Baghdad, December 11, 2015 (AFP) – The highest Shiite authority in Iraq, Ayatollah Ali al-Sistani, on Friday condemned the deployment of Turkish troops in the north of the country without the Baghdad agreement, which poisons a folder from a week relations between the two states.
No country should “send his soldiers on the territory of another State under the pretext of help against terrorism without reaching an agreement (…) between the governments of both countries”, said, on behalf of Ayatollah Sistani, one of his representatives during Friday prayers. Turkey has made it a week ago several hundred soldiers and tanks to a camp in Bachiqa, near Mosul city controlled since June 2014 by the Islamic State Group (EI).
Turkish military will train for several months of the troops of the regional government of Iraqi Kurdistan (peshmerga) and Iraqi volunteers eager to fight the IE. Baghdad has demanded the withdrawal of these new troops and now seeks a condemnation from the United Nations Security Council but Turkish President Recep Tayyip Erdogan said that withdrawal was “out of question”.
Turkish Prime Minister Ahmet Davutoglu defended this deployment as “an act of solidarity,” adding: “When the threats (of training camp) increase, we send troops to protect the camp.” “What they (the Turkish troops) are to Bachiqa and this camp is just training,” assured Erdogan Thursday evening news conference. “The number of our troops will be increased or reduced depending on the number of peshmerga + + they cause.”

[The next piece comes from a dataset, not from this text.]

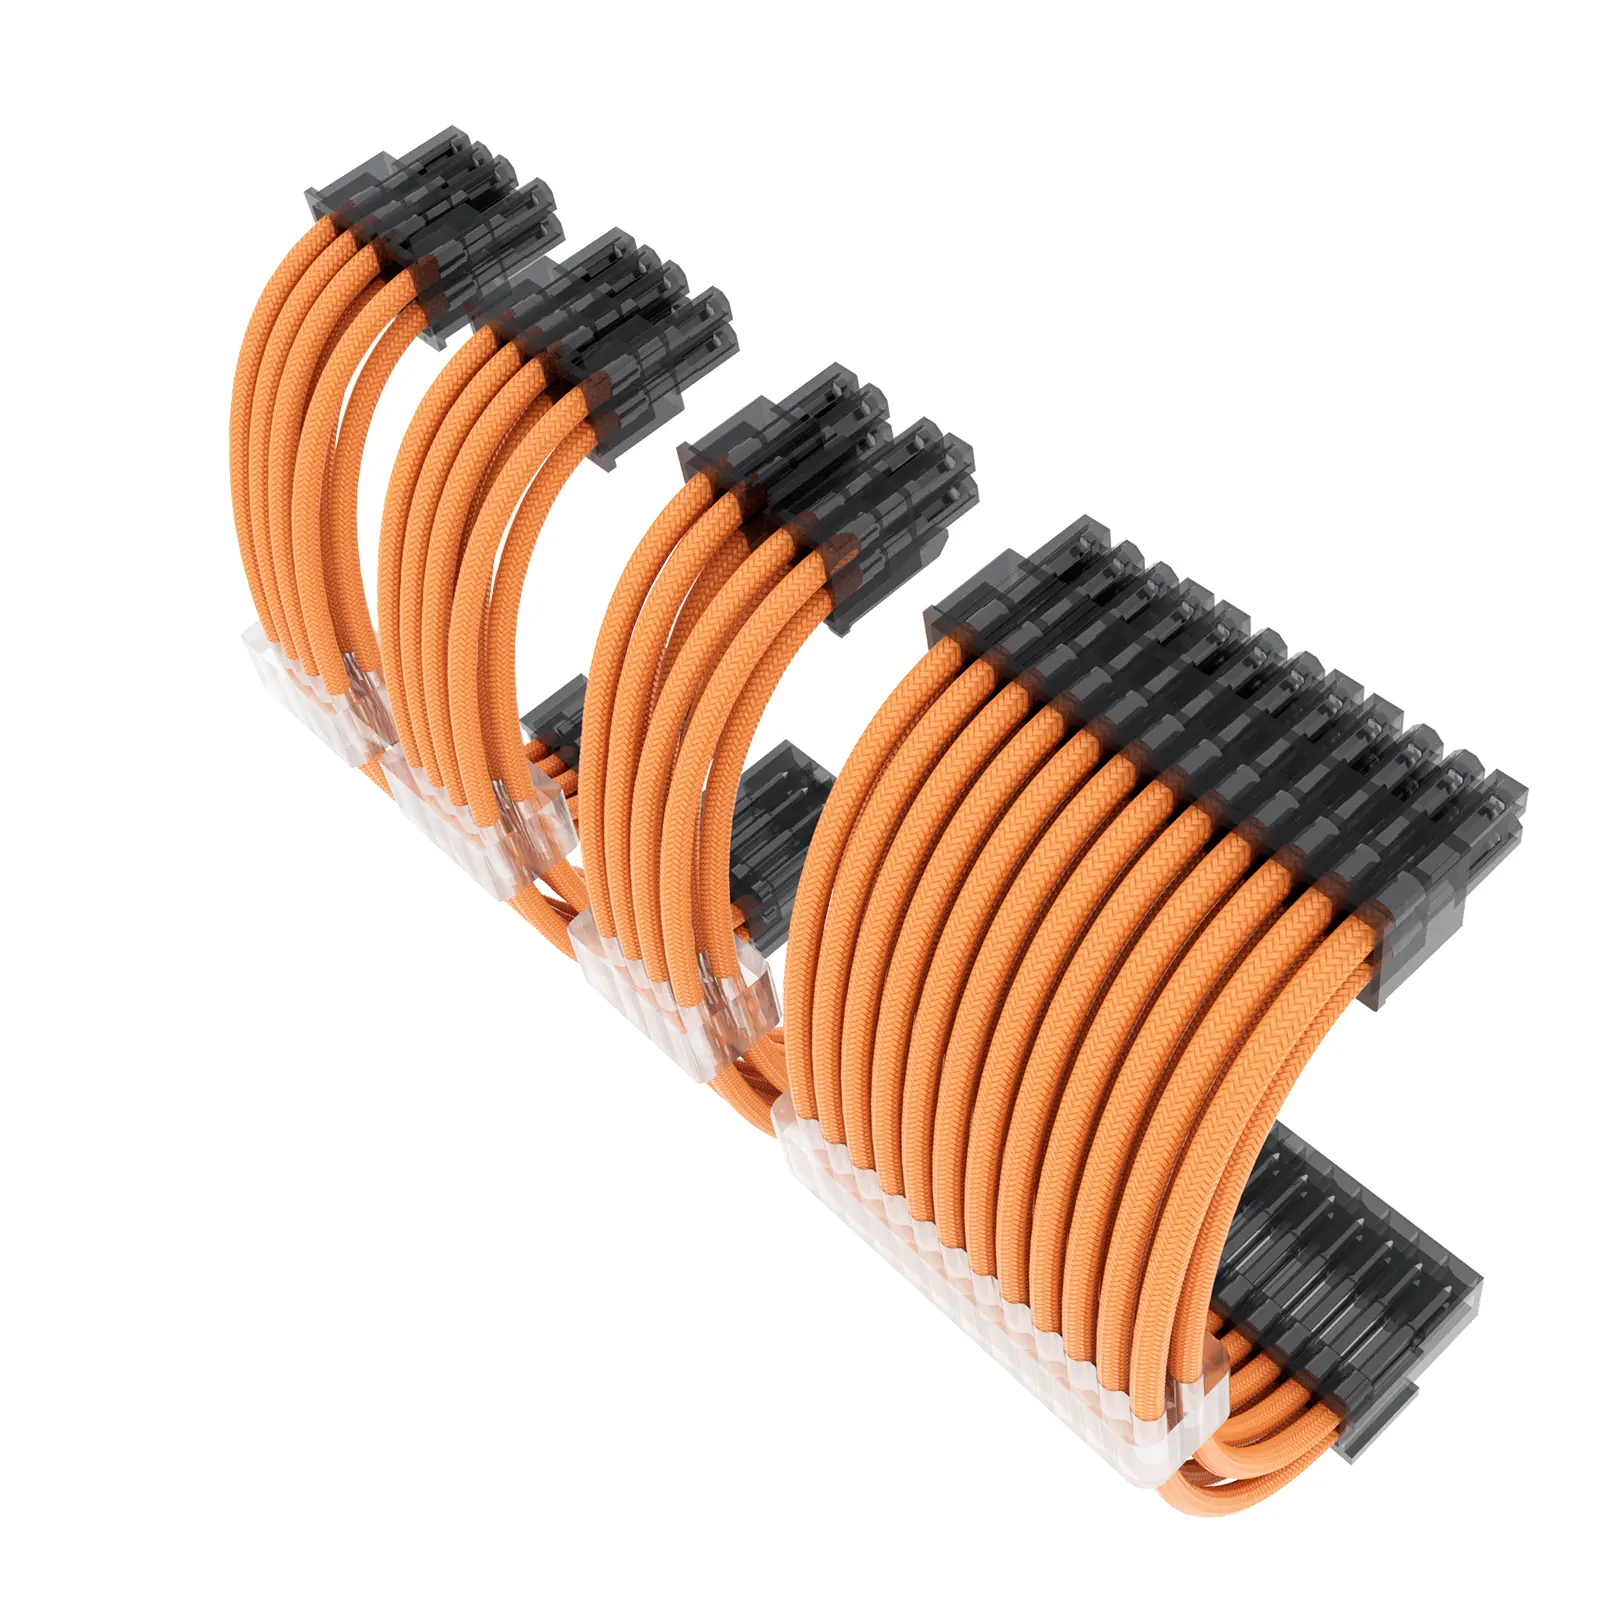 Power Supply Psu Extension Braided Sleeved Computer Power Cord Power Cable Orange+pink+black Red+gray Black+black White Kits

Senior Iraqi officials reiterated their request for withdrawal Thursday during talks with a Turkish delegation, according to official statements. On Friday, Turkish Foreign Minister Mevlut Cavusoglu has promised to “address the concerns of the Baghdad government” on this issue.
Erdogan for his part stated that the subject would be the subject of a meeting on December 21 between Turkey, the US and the autonomous region of Iraqi Kurdistan.